WHAT YOU HAVE TO DO: Could you repeat every line below exactly, skipping the images?

DATASET CONTENT:
=== Section Start ===

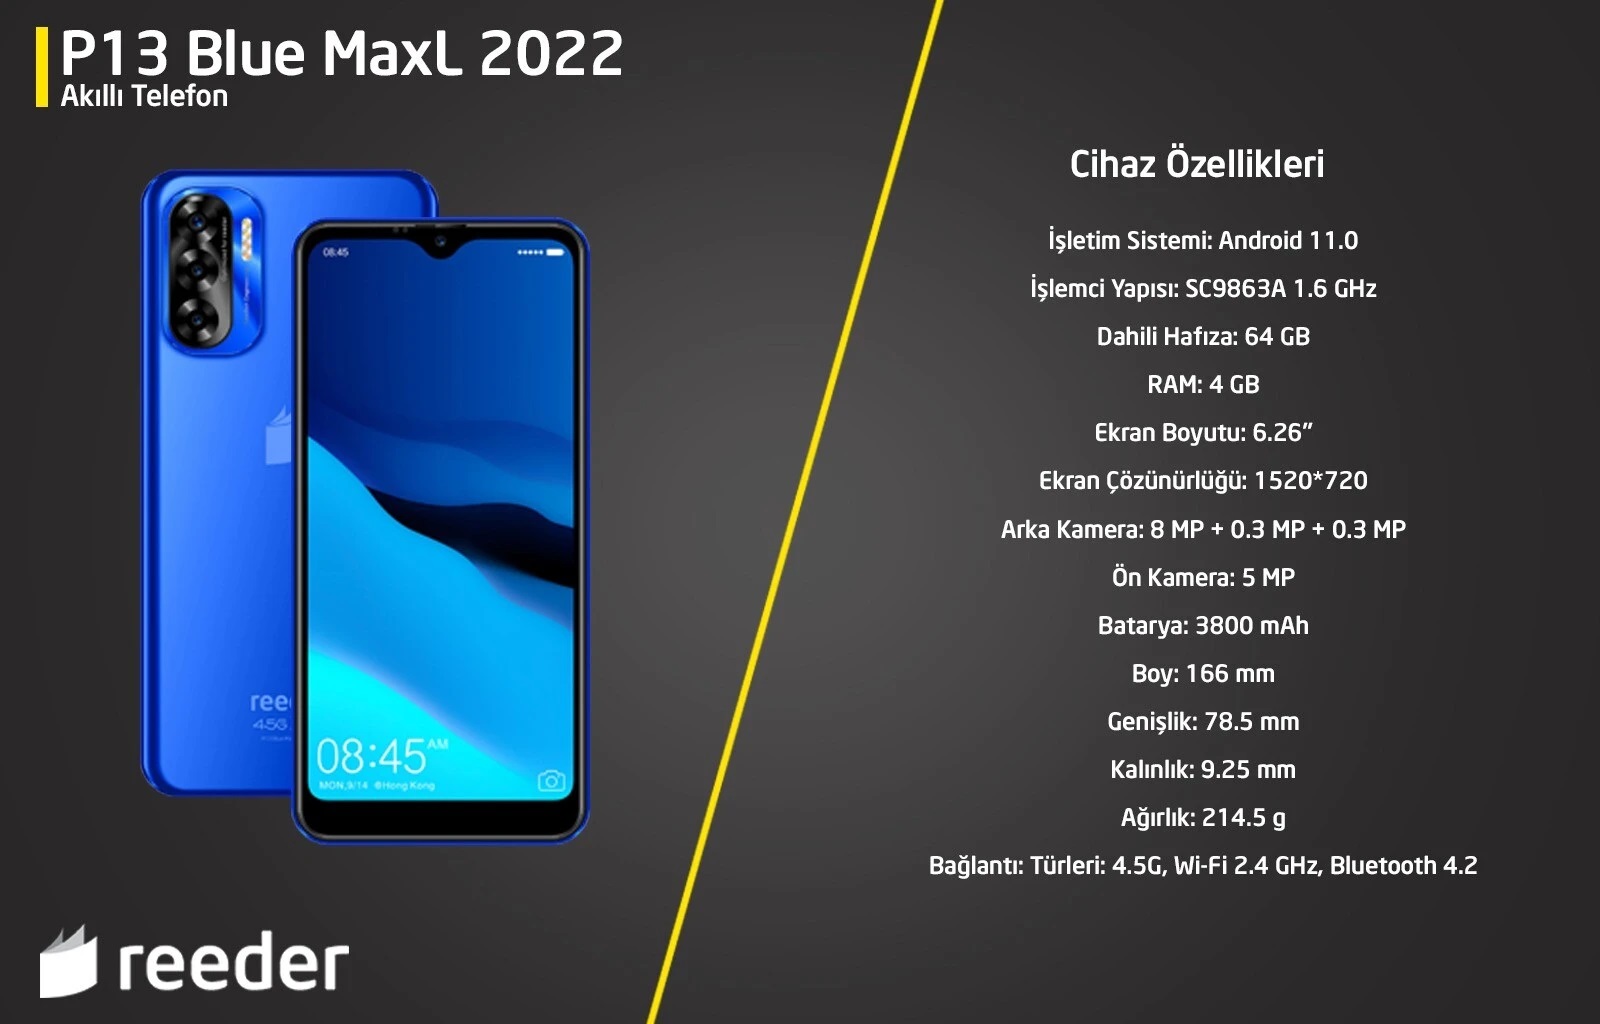 Reeder P13 MaxL 2022 64 GB 4 GB Akıllı Cep Telefo Mpnu Reeder Yeni P13 Max L 2022 ile sizlere Fiyat Performasn  ürünü karşınızda. 64 Gb hafızası 4 GB Ram ile sizlere uygun fiyara yüksek performans sunuyor. Yerli üretim Reeder ürünleri uygun fiyatları ve kalitesiyle her zaman yanınızda.
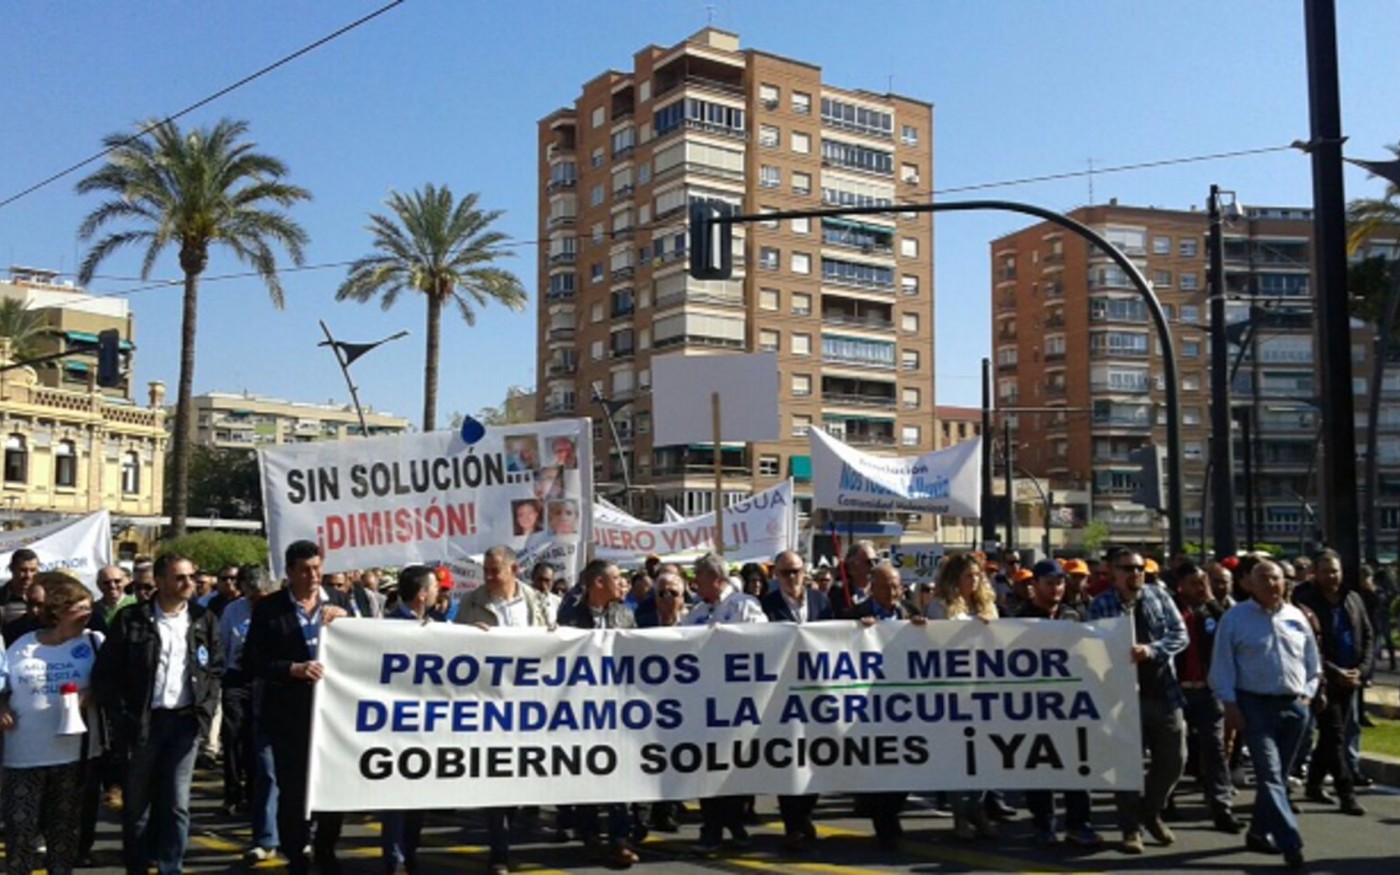 Imágenes de la protesta que ha colapsado el centro de Murcia
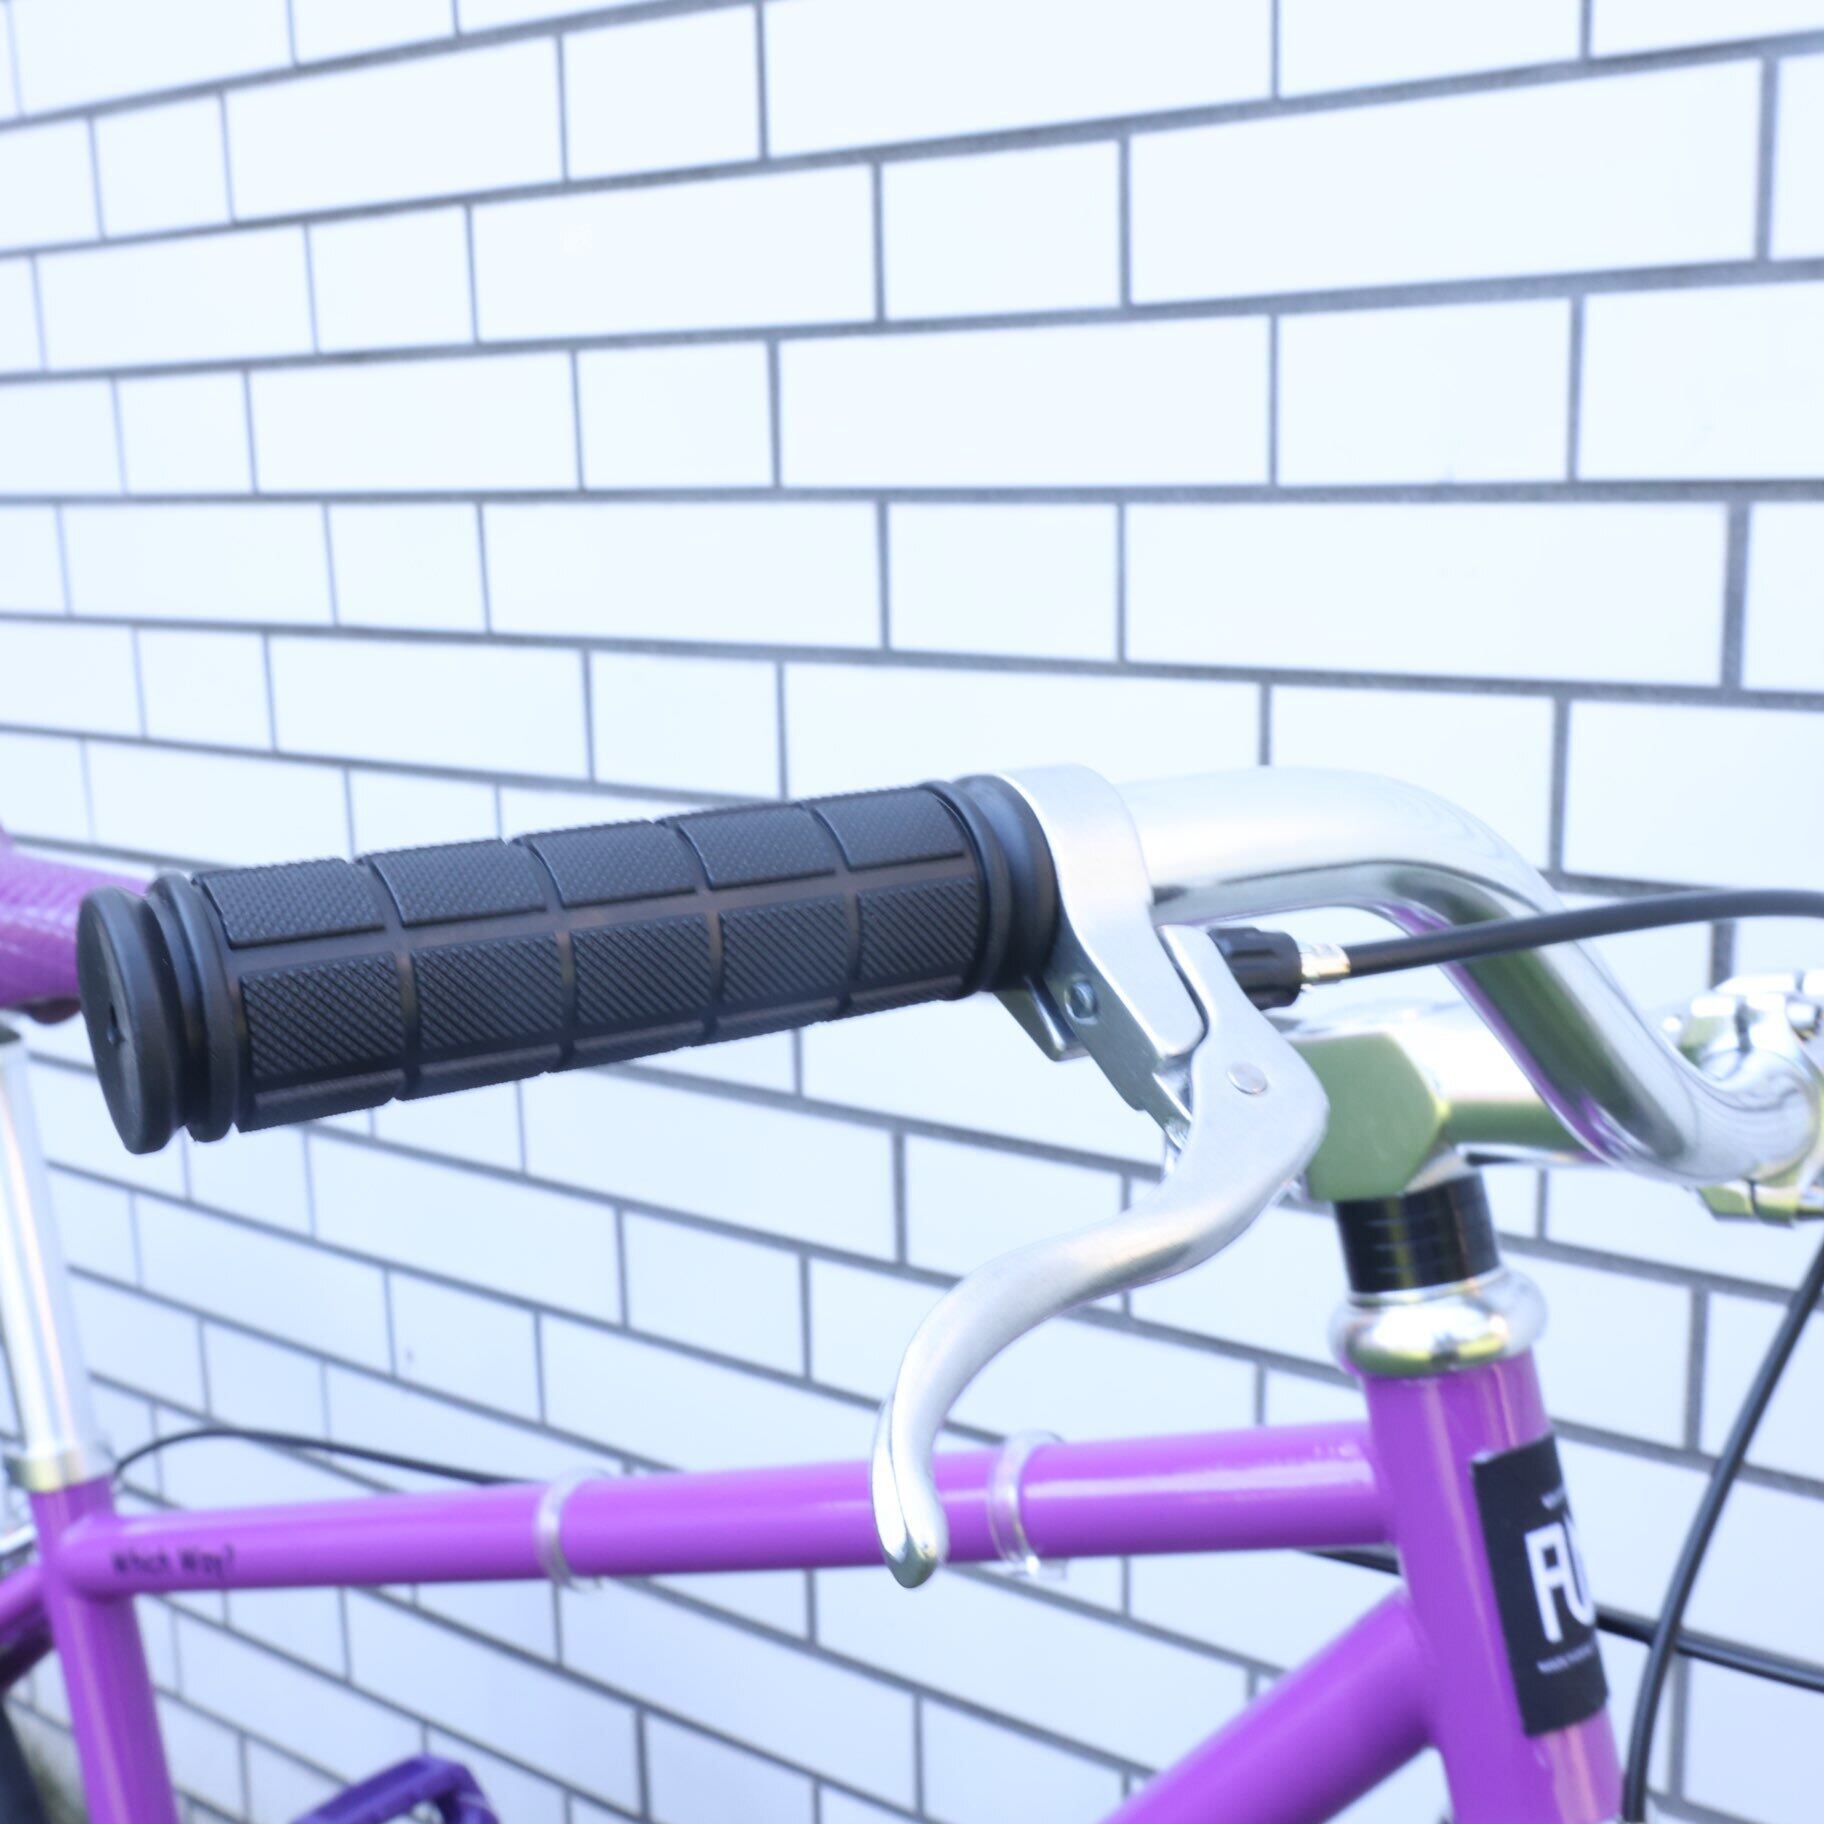 【新品】FUN 700C サイズ54 江戸紫 パープル ピストバイク 自転車

=== Section End ===

SOLUTION:
 Reeder P13 MaxL 2022 64 GB 4 GB Akıllı Cep Telefo Mpnu Reeder Yeni P13 Max L 2022 ile sizlere Fiyat Performasn  ürünü karşınızda. 64 Gb hafızası 4 GB Ram ile sizlere uygun fiyara yüksek performans sunuyor. Yerli üretim Reeder ürünleri uygun fiyatları ve kalitesiyle her zaman yanınızda.
 Imágenes de la protesta que ha colapsado el centro de Murcia
 【新品】FUN 700C サイズ54 江戸紫 パープル ピストバイク 自転車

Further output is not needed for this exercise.